Low gold prices are not preventing affiliated companies
The mine — the first ever developed by the partners — entered commercial production in February, on budget and four months ahead of schedule. Annual production is projected at 250,000 oz. gold-equivalent, with cash costs expected to average US$80 per oz. and total costs, including all depletion and amortization, anticipated at US$120 per oz.
The fast start provided each company with $7.1 million in extra income for the fiscal year ended March 31. During that period, Euro-Nevada earned a record $24.8 million (or 26 cents per share) on revenue of $57.74 million, up 18% and 30%, respectively, from the previous fiscal year. Fourth-quarter results were equally impressive, with earnings up 14% from a year ago, at $7.4 million, and revenue up 73%, at $19.6 million.
In fiscal 1999, Franco-Nevada earned $43.7 million (55 cents per share) on revenue of $77.85 million, compared with $52.7 million (70 cents per share) on $82.9 million a year ago. Earnings in the final three months of the recent fiscal year were down 14%, at $12.8 million, though revenue was 13% higher, at $24 million. Low prices for gold and oil are responsible for the earnings dip, whereas revenue was affected by a shift in activity at the Betze-Post mine to an area where Franco has yet to earn a net profits interest. (This type of royalty differs from a net smelter return, which Franco also holds, in that capital expenditures are considered.)

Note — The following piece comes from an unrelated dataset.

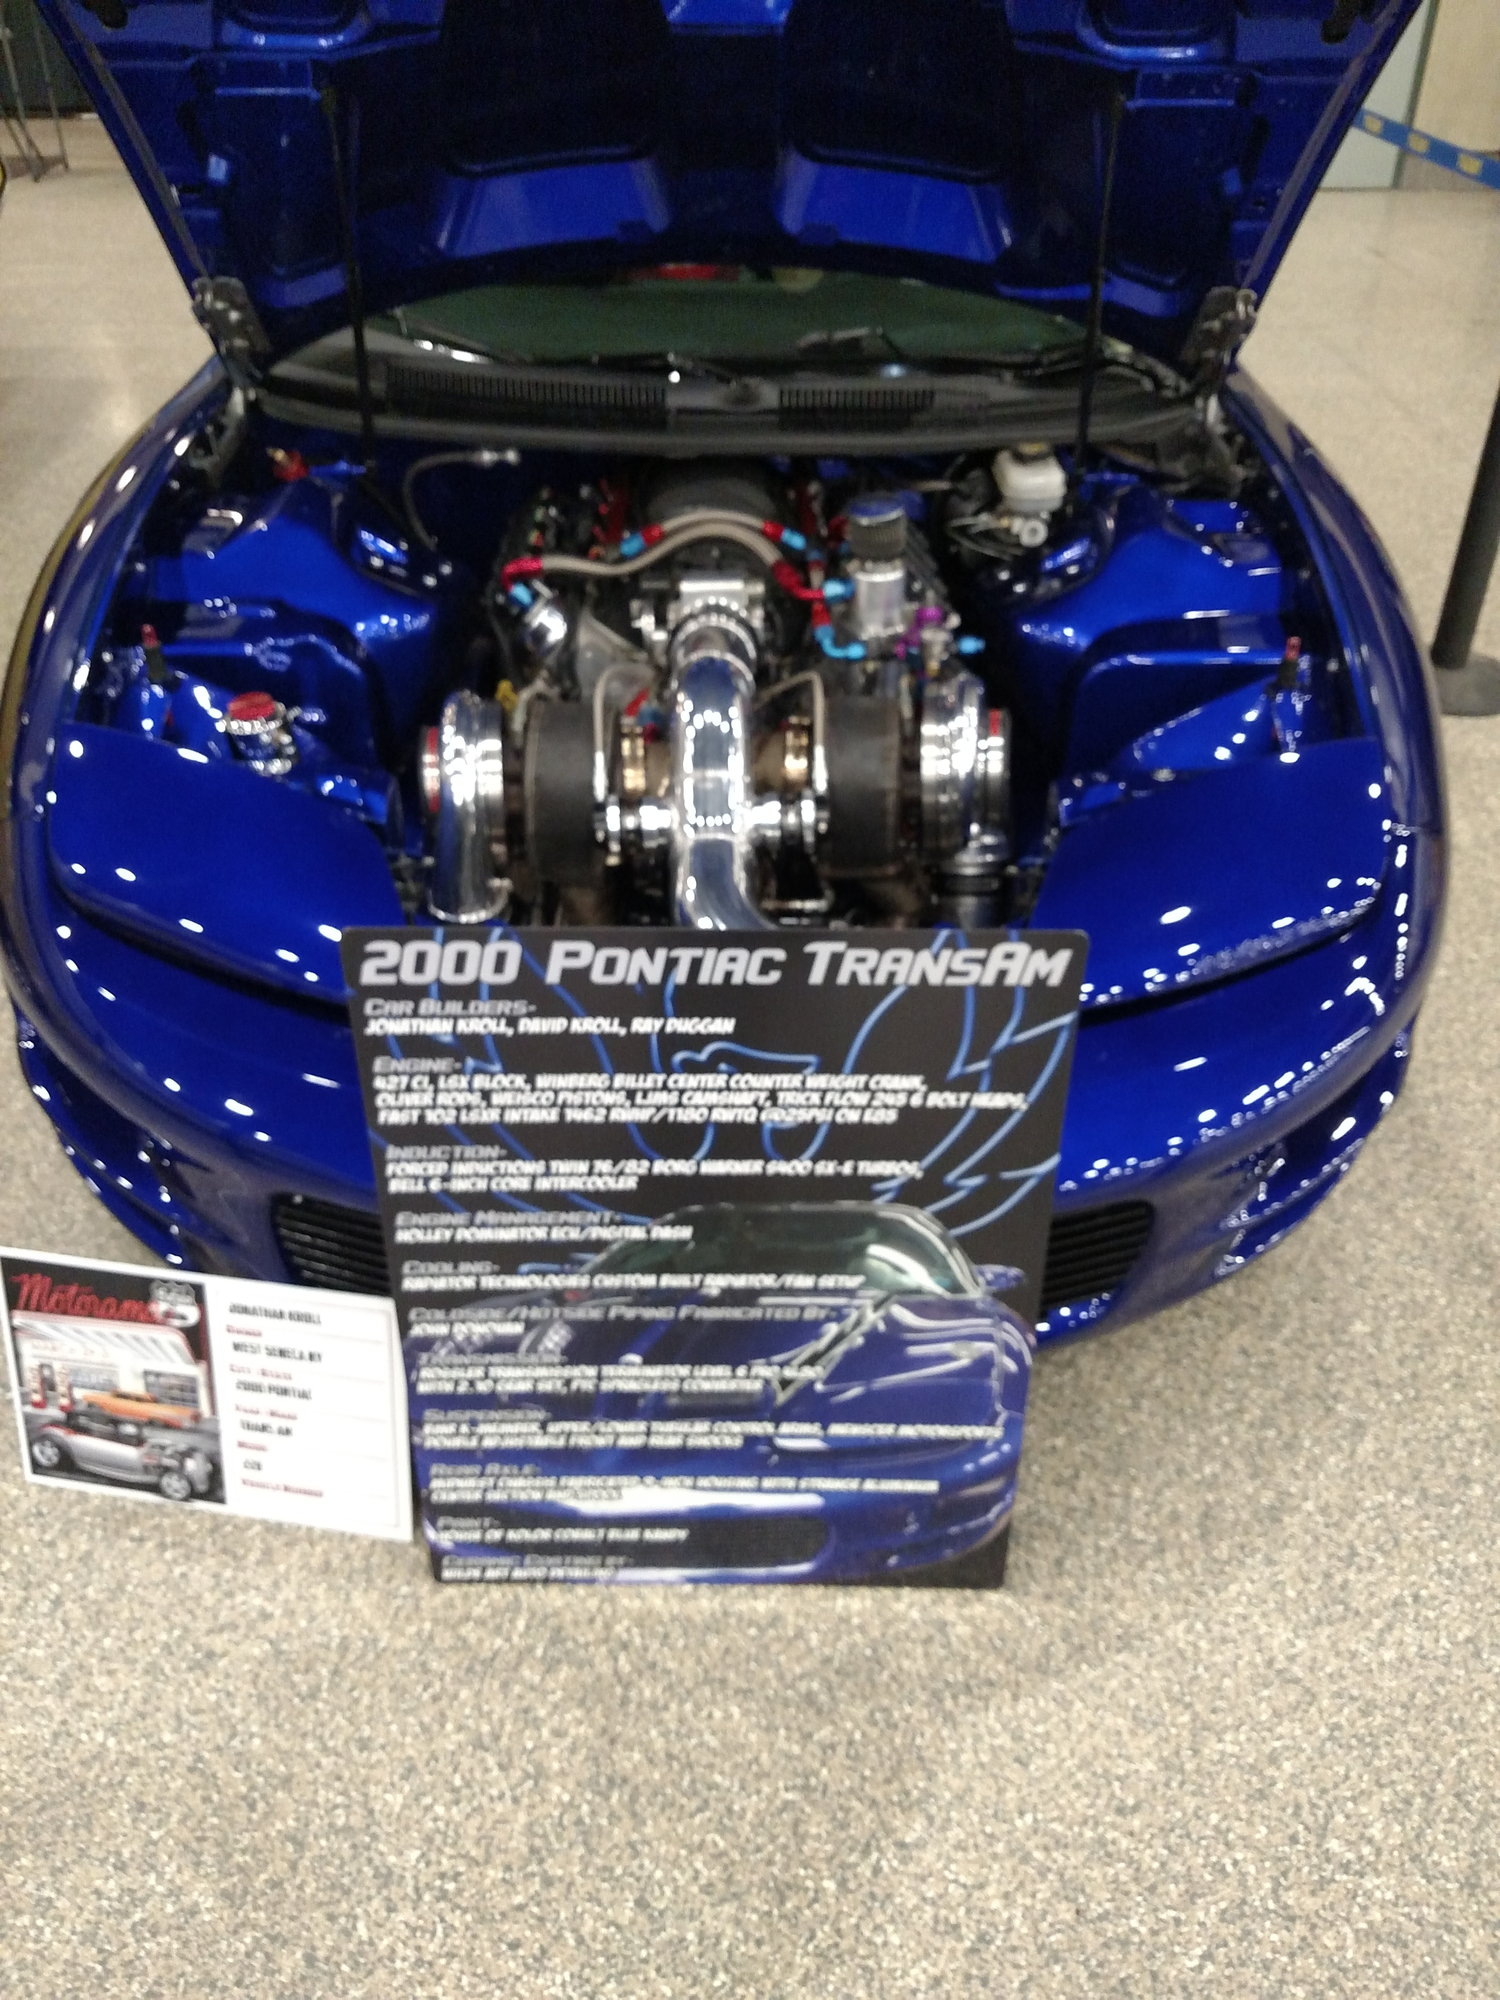 2000 Pontiac Firebird - Twin turbo 2000 trans am - Used - Buffalo, NY 14224, United States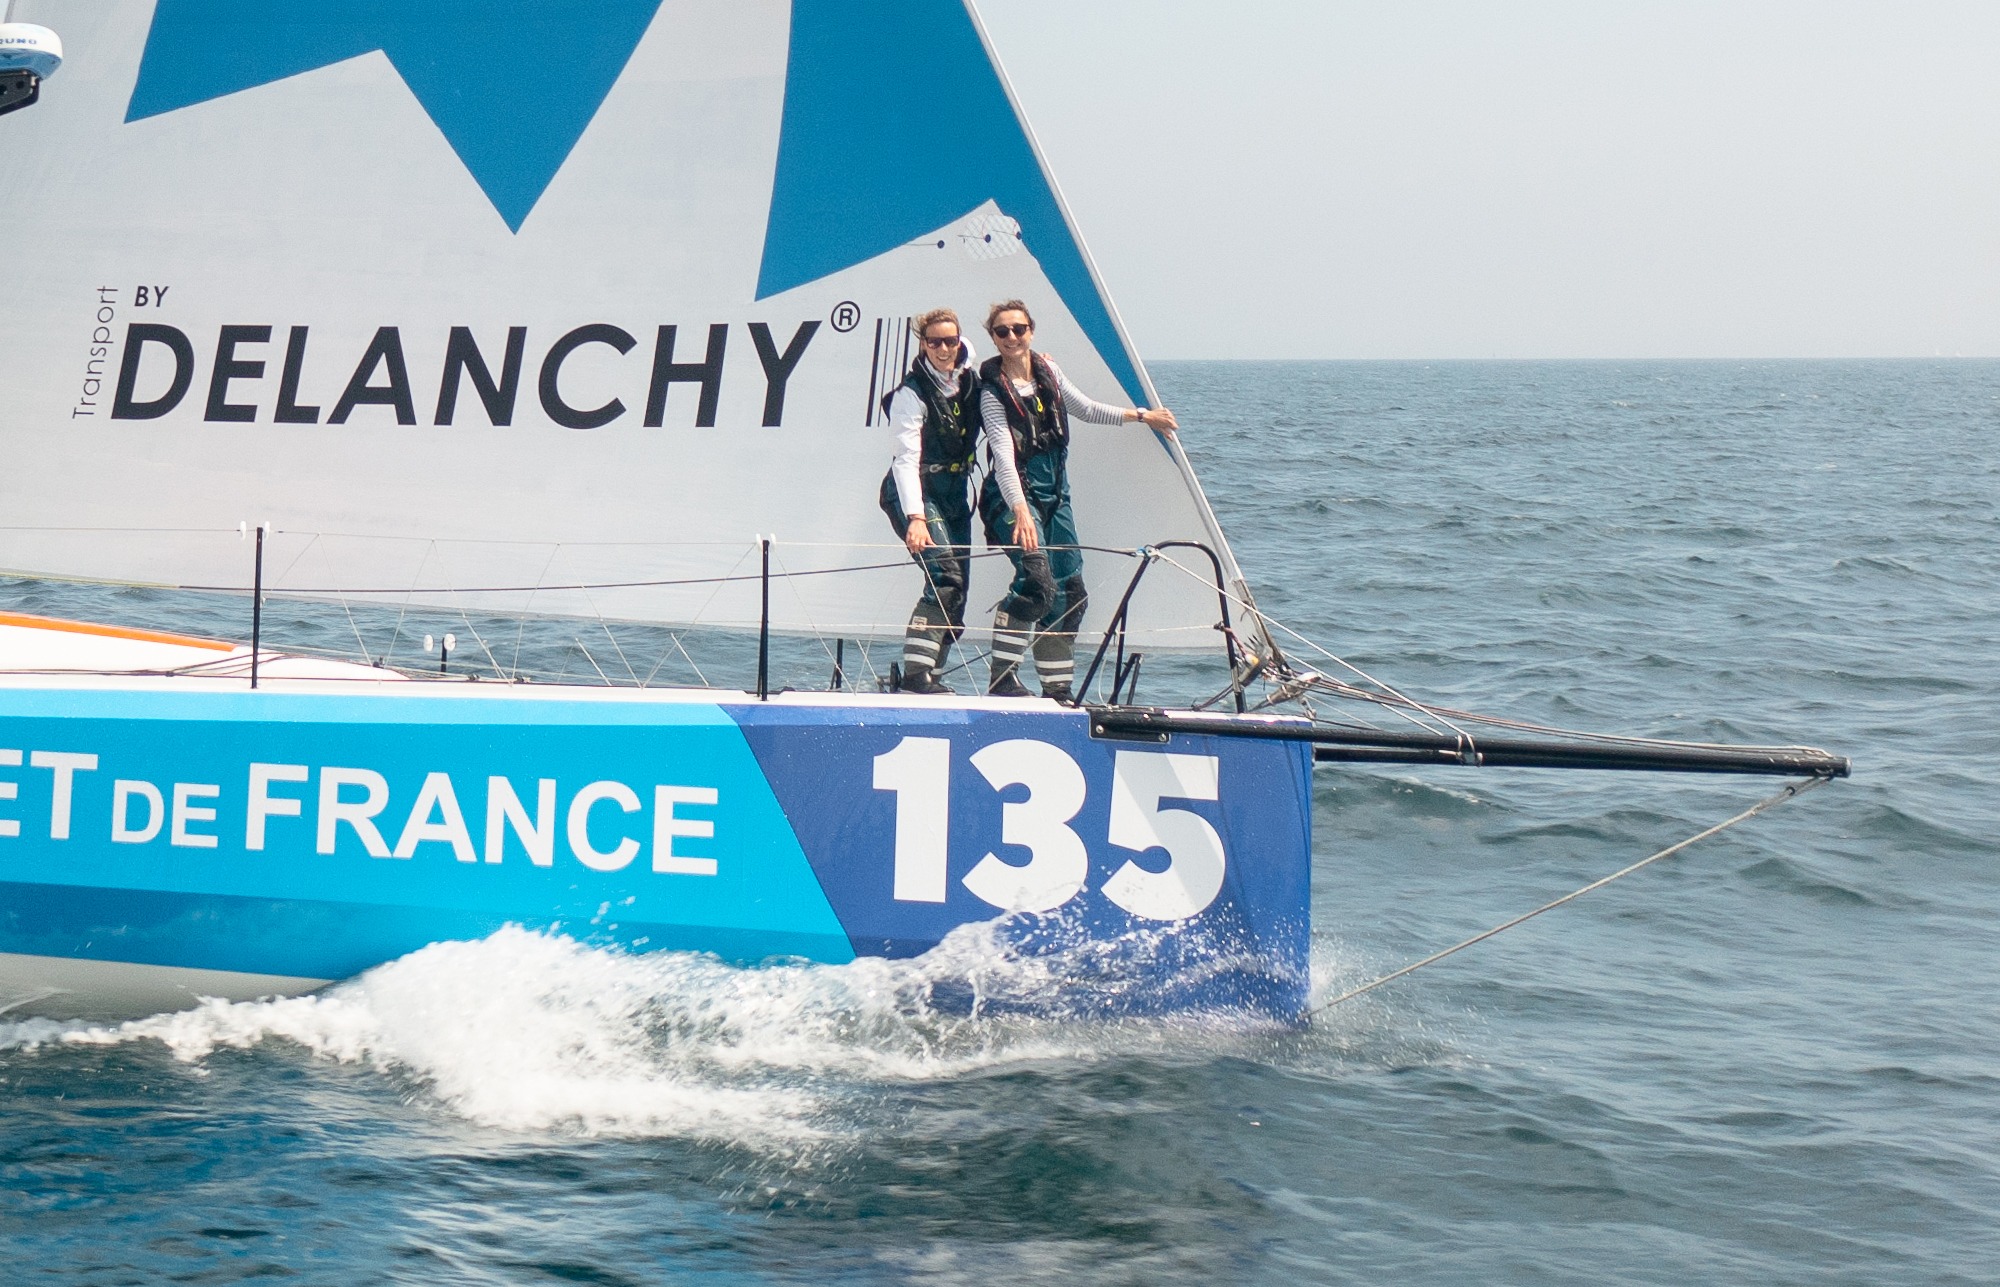 DELANCHY sostiene l’equipaggio 100% femminile di Les Voileuses au Large

At the newly opened Midas mine, the pair spent US$5.9 million exploring the immediate mine area from surface, resulting in a 43% increase in mine resources; the figure now stands at 5.4 million tons averaging 1.3 oz. gold-equivalent per ton. Little activity occurred elsewhere, as environmental permits for the bulk of the 26,000-acre property were not issued until November.
This year’s budget is set at US$4.5 million, with crews testing possible strike extensions to known veins and seeking new targets. This excludes funds set aside for ongoing underground drilling, which is aimed at augmenting existing reserves of 2.7 million tons grading 1.12 oz. gold per ton. That figure is based on a gold price of US$300 per oz. and a silver price of US$6 per oz., and is 36% more than that calculated at the end of the previous fiscal year.